Telecom investors are often attracted to the strong dividends many companies in the industry pay. But you might be better off ignoring the dividends and investing in another stock instead.
T-Mobile US (TMUS -0.30%) holds a lot of appeal versus its dividend-paying competition, AT&T (T -2.00%) and Verizon Communications (VZ -1.11%). While the latter pay shareholders dividends of roughly 7.5% these days, T-Mobile doesn't pay investors anything for holding shares.
But even without a dividend, T-Mobile could end up returning more cash to shareholders over the next few years.
How T-Mobile's paying its shareholders
T-Mobile isn't planning to pay a dividend anytime soon, but it's spending a lot of money on share repurchases.
A share repurchase can be a more tax-efficient way of returning excess cash to shareholders. Instead of paying a sum to each and every shareholder, management will simply buy out shareholders looking to unload their stock. The net result is fewer shares outstanding, giving existing shareholders a greater stake in the company. That makes each share more valuable, so, all else equal, the share price increases.
T-Mobile's board authorized a $14 billion share repurchase program last year. It's since bought back nearly $12 billion of T-Mobile stock. But investors should expect a new, higher authorization announcement later this year. T-Mobile's long-term plan is to repurchase $60 billion worth of stock between 2023 and 2025.
Importantly, T-Mobile has the cash flow to support the aggressive buyback. Its adjusted free cash flow over the first half of 2023 was $5.3 billion. That's actually better than AT&T, which had a dismal first quarter. More importantly, investors can expect T-Mobile's free cash flow to expand substantially over the next couple of years as it no longer has to pay merger-related expenses and as it leverages its 5G network buildout.
Investors should expect T-Mobile to make good on its promise to return an additional $48 billion to shareholders by the end of 2025 bolstered by strong free cash flows.
How much are AT&T and Verizon paying?
Despite their substantial dividends, AT&T and Verizon are actually returning less cash to shareholders than T-Mobile.
AT&T's dividend payments will total just over $8 billion in 2023. Verizon will pay out roughly $11 billion. Both will fall short of T-Mobile's total cash return to shareholders.

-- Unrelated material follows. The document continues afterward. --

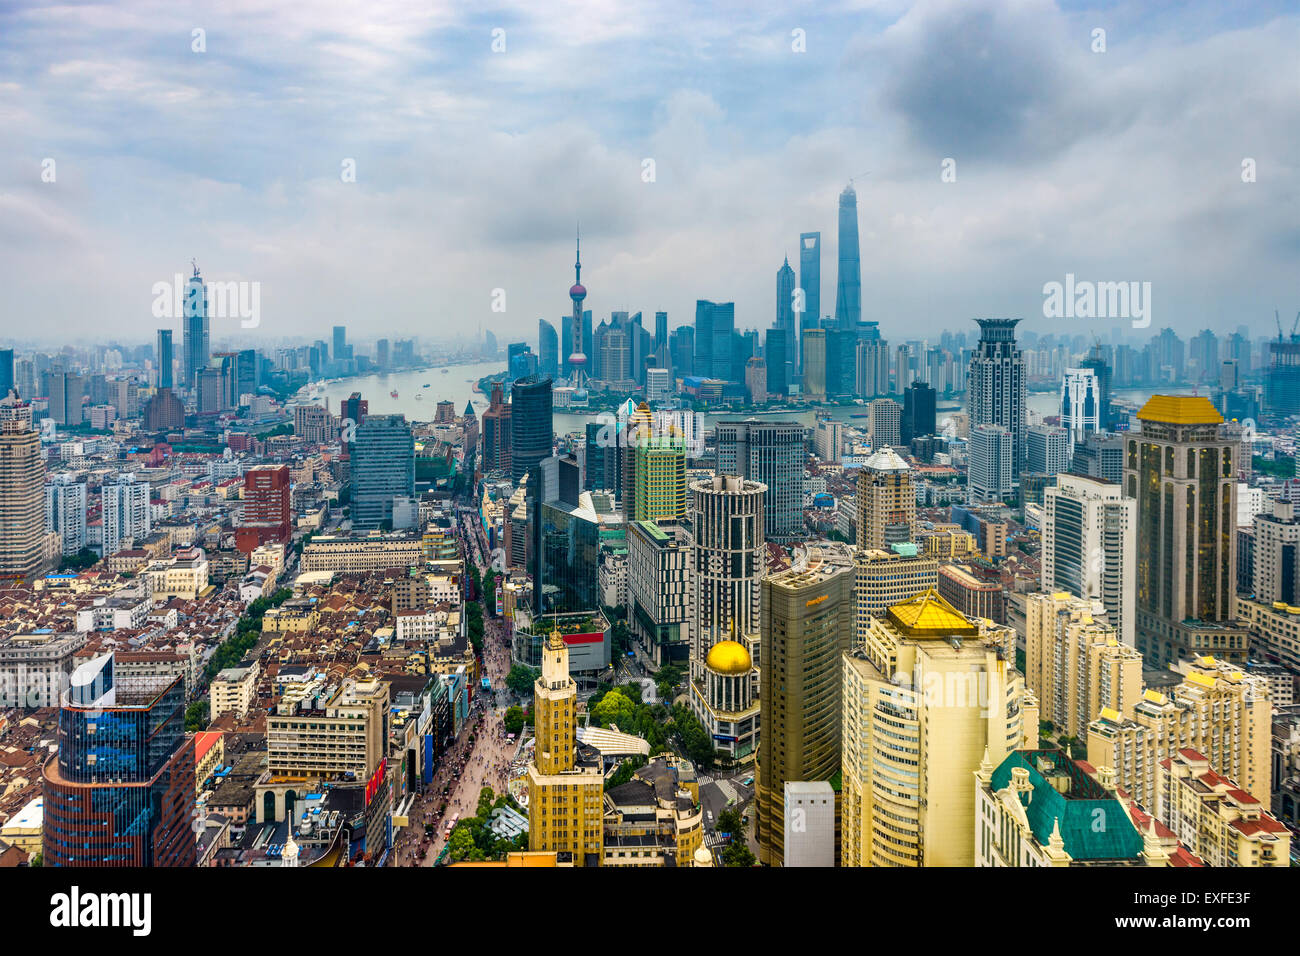 Shanghai, China aerial skyline. - Stock Image

Neither AT&T nor Verizon currently has a share repurchase program. That's because they're both mired in debt from previous acquisitions that didn't pan out. Instead of buying back shares, they both have to pay down their substantial debt.
AT&T said it plans to revisit share repurchases once it reaches its goal of a net debt-to-EBITDA ratio of 2.5x. As of the second quarter, management doesn't expect to hit that level until mid-2025. Verizon is waiting for a 2.25x ratio between net debt and earnings before interest, taxes, depreciation, and amortization. As of the end of the second quarter, that number stood at 2.6x.
With much of their free cash flow going toward deleveraging, AT&T and Verizon are unable to return as much to shareholders as T-Mobile. And even adjusting for T-Mobile's bigger market cap, the total cash return to shareholders as a percentage of the stock price is higher for T-Mobile.
The new leader in telecom
Not only is T-Mobile set to return more cash to shareholders than AT&T or Verizon, it's also outperforming them operationally. That should give investors confidence in its cash return plans.
T-Mobile continues to add more valuable postpaid wireless customers than its competitors. Meanwhile, its home internet service remains on pace to reach its goal of between 7 million and 8 million customers by 2025.
Also, T-Mobile's 5G network buildout remains about two years ahead of the next closest competitor, which should allow T-Mobile to take market share in areas it hasn't competed well in before, such as business and rural areas.
All signs point to strong free-cash-flow growth over the next few years. Meanwhile, AT&T's and Verizon's free-cash-flow expectations have been called into question. Even investors primarily interested in cash returns to shareholders should skip over the big dividend payers and take a look at adding T-Mobile to their portfolio.